Data management is one of the most important skills we learn as researchers. Without it we are well and truly screwed and can spend days slogging through a mess of our own making or have to re-do experiments altogether. But other than training I have seen on either databasing programs or as a small section of course in Unix, where does training in good data management come from?
In my own experience data management was something learned on the job that became more complex as the amount and breadth of data grew. Often this was a gradual process that allowed for the trainee to scale up from a base and each person came up with a system that worked well for them. An obvious issue with this is that multiple systems in a lab can become problematic for data sharing, but as long as the final product is in a "sharable" format this is not a major problem in most circumstances.
In my field however, things have changed. Yes, my students no longer have to walk to work uphill both ways in the snow like I did and nothing costs a nickel anymore. Now, the sheer volume of data we produce for a project is enormous compared with the data I dealt with as a student, so the gradual building of a database is not so gradual these days. Data management is more critical than ever, but it never occurred to me until recently that simply saying "Make sure you keep your datasets organized and well labeled." about 100 times isn't enough.

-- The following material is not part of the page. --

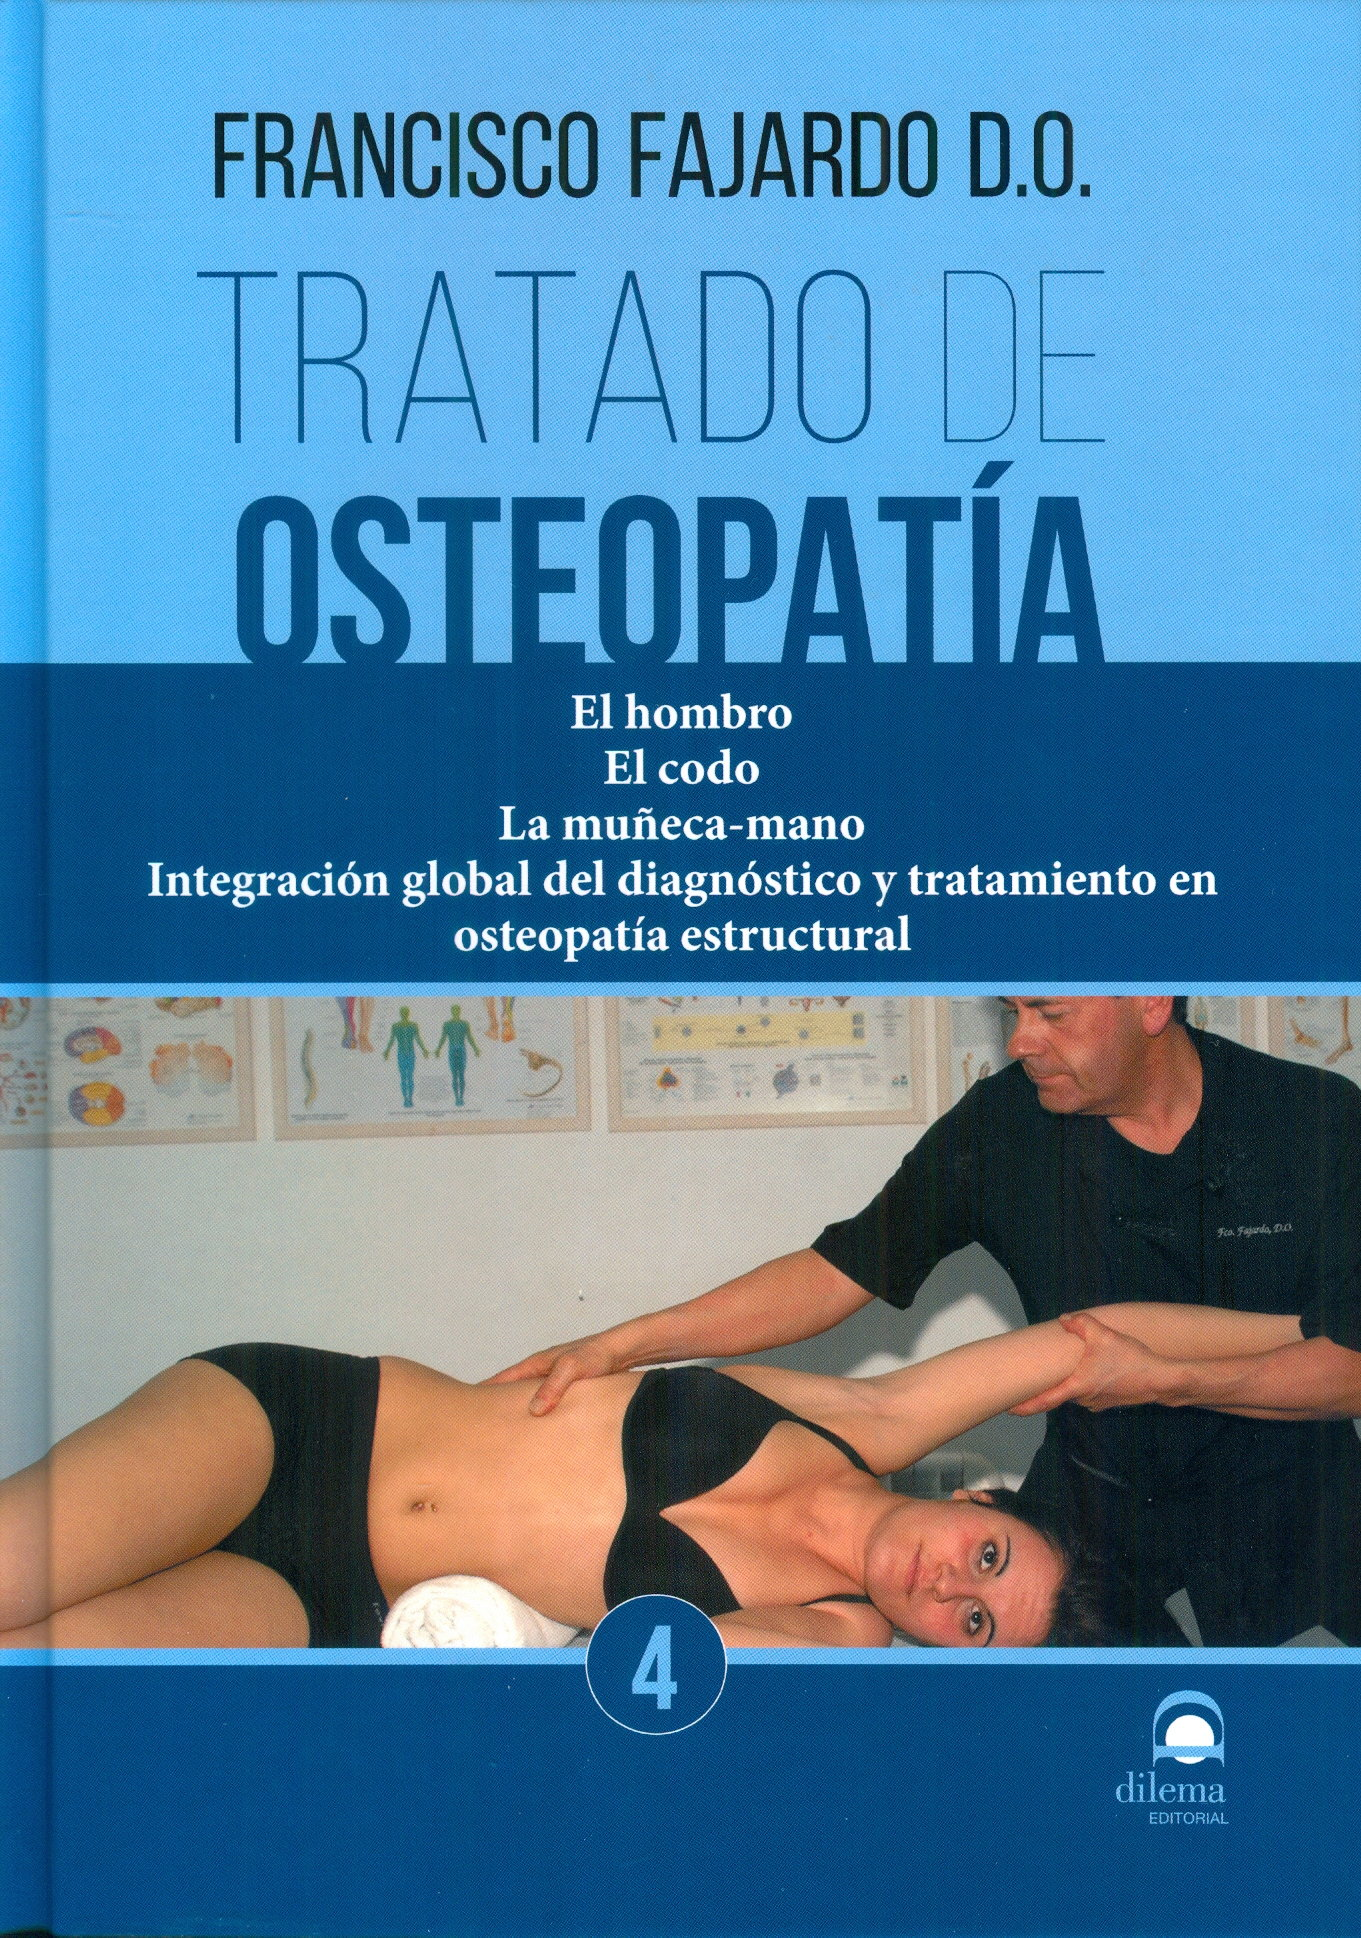 Tratado de osteopatía 4 Image
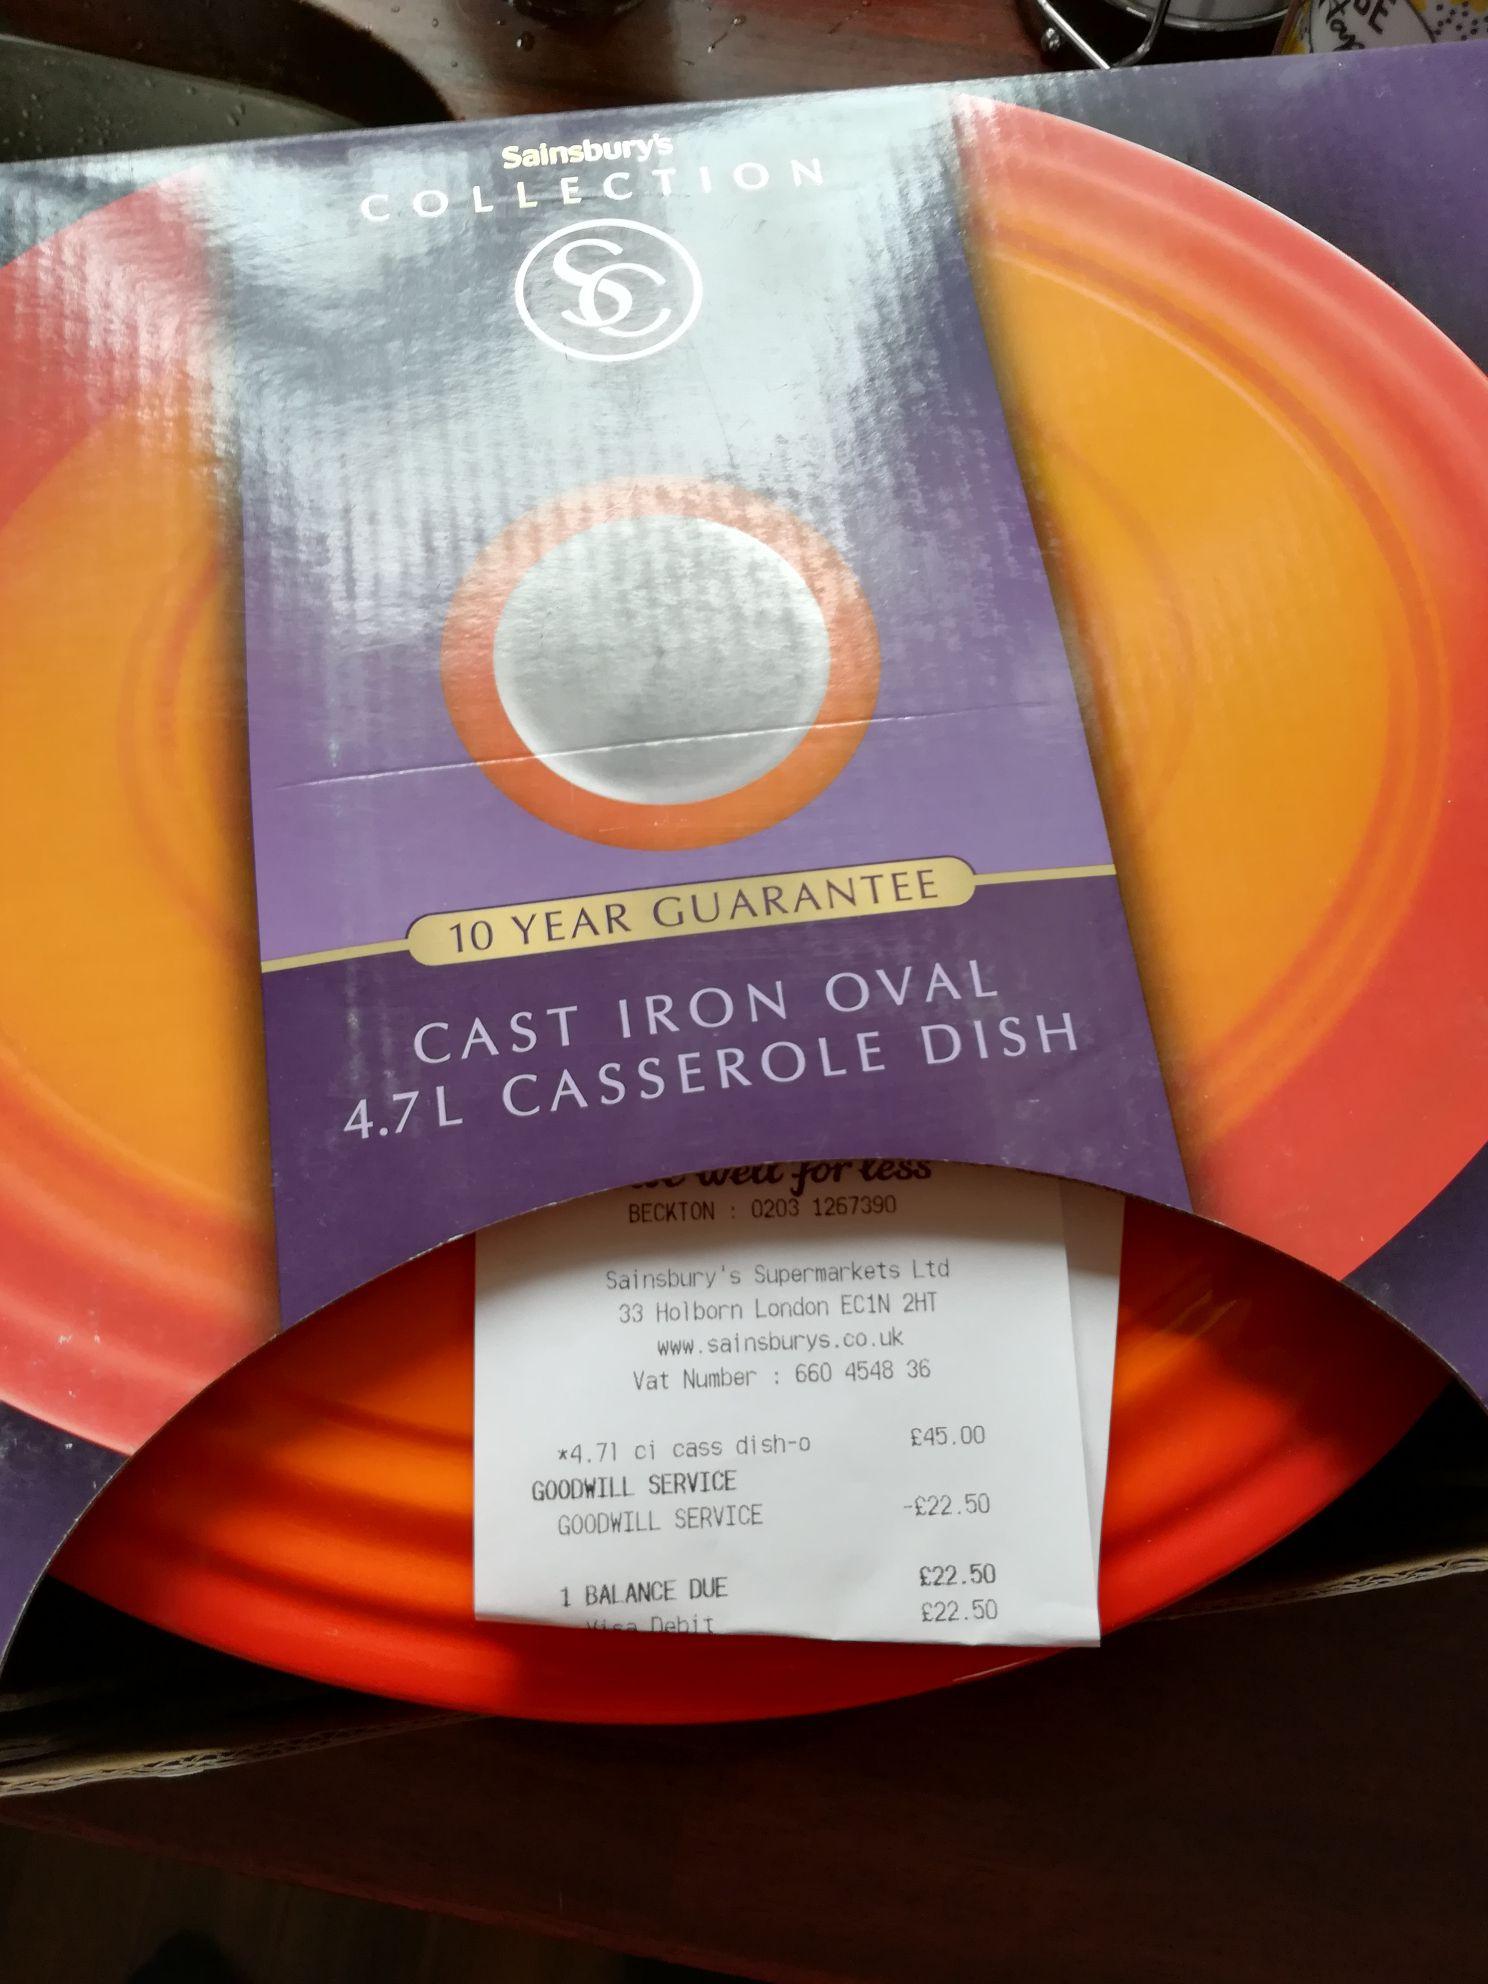 50% off Cast iron oval 4.7l casserole dish £22.50 Sainsbury's Beckton

So, as part of my supervisory tasks in the coming year I'm going to start sitting down with all my students to go over their data management and ensure they have a good system in place. It may take me some time, but ultimately it'll save a lot of person-hours down the road.
I'm sure others have dealt with this in the past as either the teacher or the trainee. Any particularly effective strategies? I realize that the type of data matters, but I think it's worth discussing.